If I am hungry, then food feel subjectively important to me, yes. What does that have to do with eternalism and nihilism?

Different foods have different meanings; there’s fancy food and boring food and comfort food. What foods have which meanings vary somewhat from person to person and culture to culture, but some food is fancy enough that nearly everyone will agree it’s fancy.

People have opinions about food and emotional associations with food, yes. What does that have to do with eternalism and nihilism.

On a busy sidewalk, your eyes lock for an instant with those of a cute stranger coming toward you, and then they pass. You stop and look back over your shoulder and see that they have done the same. You can see that this is meaningful—even if it’s not exactly clear what it will mean—and an attentive third person would see the same.

What the hell? Yes, if someone stops and looks back at me, then I can derive information from that. I can derive that it is moderately likely that the person is interested in me, and it might be worth my while to try to talk to them. This seems to me extremely simple and pragmatic. What does that have to do with all the philosophy?

All these examples, as far as I can tell, are fully compatible with what Chapman calls nihilism. But these exact examples form Chapman’s attempt to refute nihilism: Because there exists “meaningfulness” as described in these 3 examples and a few more, nihilism is obviously false, according to Chapman.
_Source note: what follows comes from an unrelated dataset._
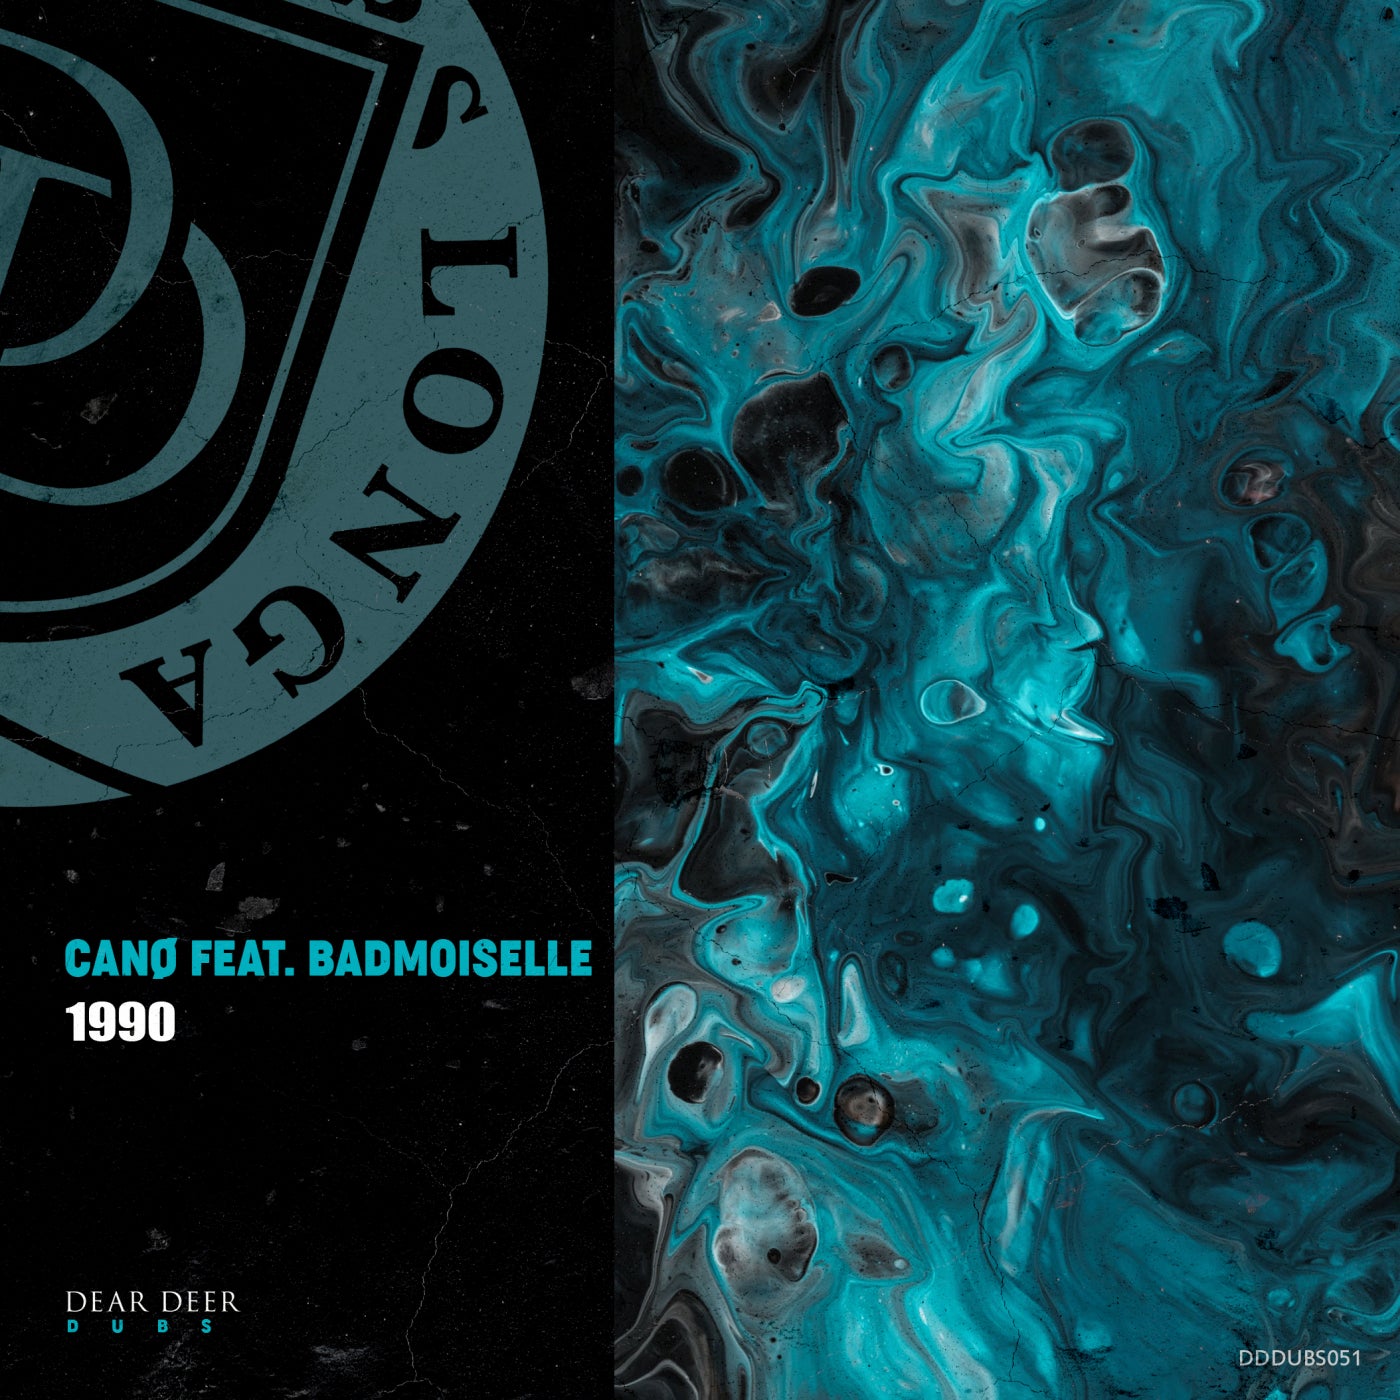 Canø, Badmoiselle – 1990 feat Badmoiselle [DDDUBS051]

Now, I do not feel a lack of meaning nor a search for meaning in my life. I am very concerned with ethics, but alas, Chapman’s treatment of ethics is woefully unfinished. Chapman seems very confident that he knows the answers to most if not all questions of ethics (and he contemptuously dismisses most moral philosophers and their work), but he provides very little in the way of arguments or explanations. Indeed, precisely because he is so sure of himself, I strongly suspect that Chapman does not understand ethics nearly as well as he thinks he does.

Is there anyone else who has read Meaningness and can help me understand what Chapman is talking about when he talks about… well, meaningness?